Distribution Fitting Button
Click the button to display the Distribution Fitting Startup Panel. The Distribution Fitting module is used to fit a variety of continuous and discrete distributions to the data.
The fit can be evaluated via the Chi-square test or the Kolmogorov-Smirnov one-sample test (the fitting parameters can be controlled); the Lilliefors and Shapiro-Wilk's tests are also supported. In addition, the fit of a particular hypothesized distribution to the empirical distribution can be evaluated in customized histograms (standard or cumulative) with overlaid selected functions; line and bar graphs of expected and observed frequencies, discrepancies and other results can be produced from the output spreadsheets.
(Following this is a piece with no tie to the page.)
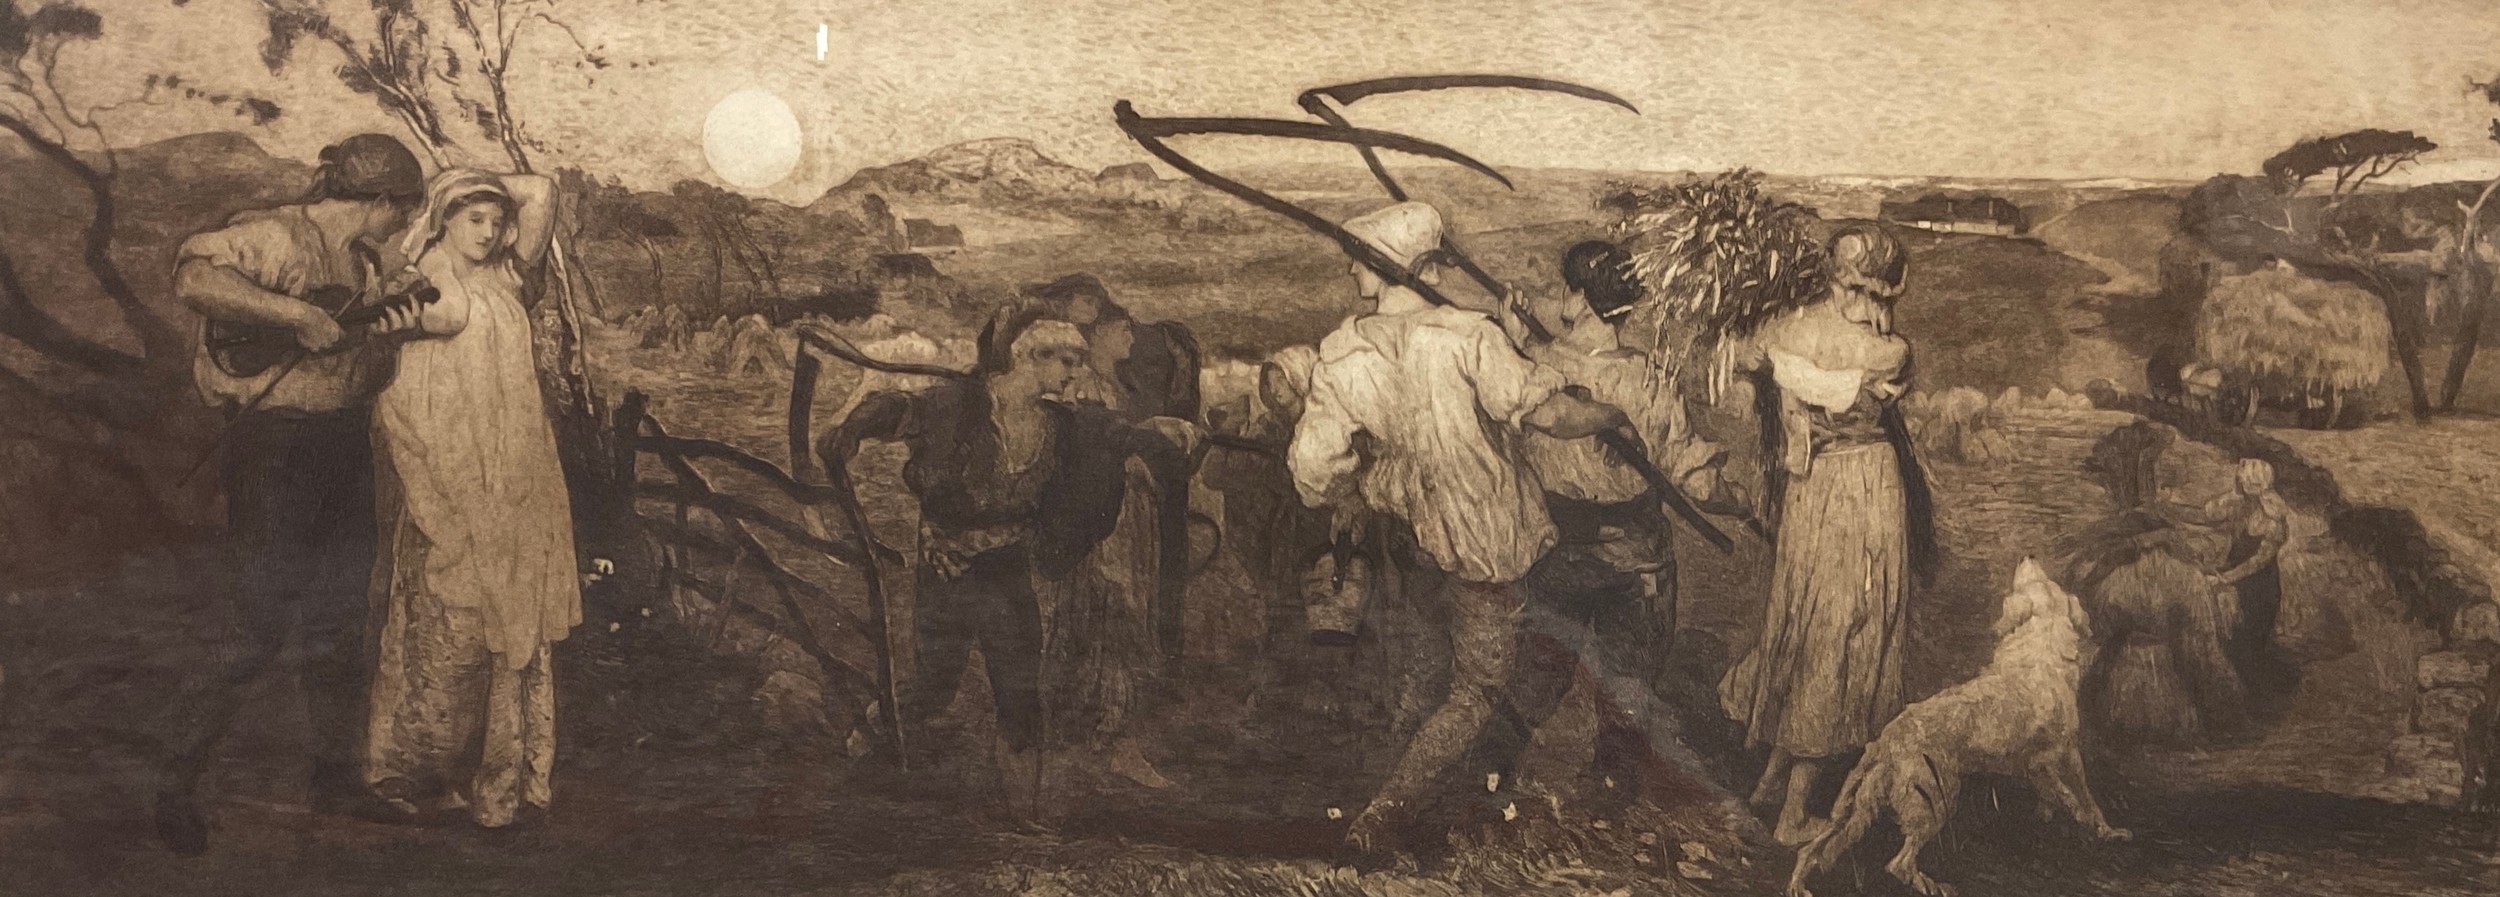 Robert Walker Macbeth, after George Mason, ‘The Harvest Moon’, engraving, 32cm x 86.5cm, c.1883; - Image 2 of 3

Other distribution fitting options are available in STATISTICA Process Analysis, where you can compute maximum-likelihood parameter estimates for the Beta, Exponential, Extreme Value (Type I, Gumbel), Gamma, Log-Normal, Rayleigh, and Weibull distributions. Also included in that module are options for automatically selecting and fitting the best distribution for the data, as well as options for general distribution fitting by moments (via Johnson and Pearson curves). User-defined 2- and 3-dimensional functions can also be plotted and overlaid on the graphs. The functions can reference a wide variety of distributions such as the Beta, Binomial, Cauchy, Chi-square, Exponential, Extreme value, F, Gamma, Geometric, Laplace, Logistic, Normal, Log-Normal, Pareto, Poisson, Rayleigh, t (Student), or Weibull distribution, as well as their integrals and inverses.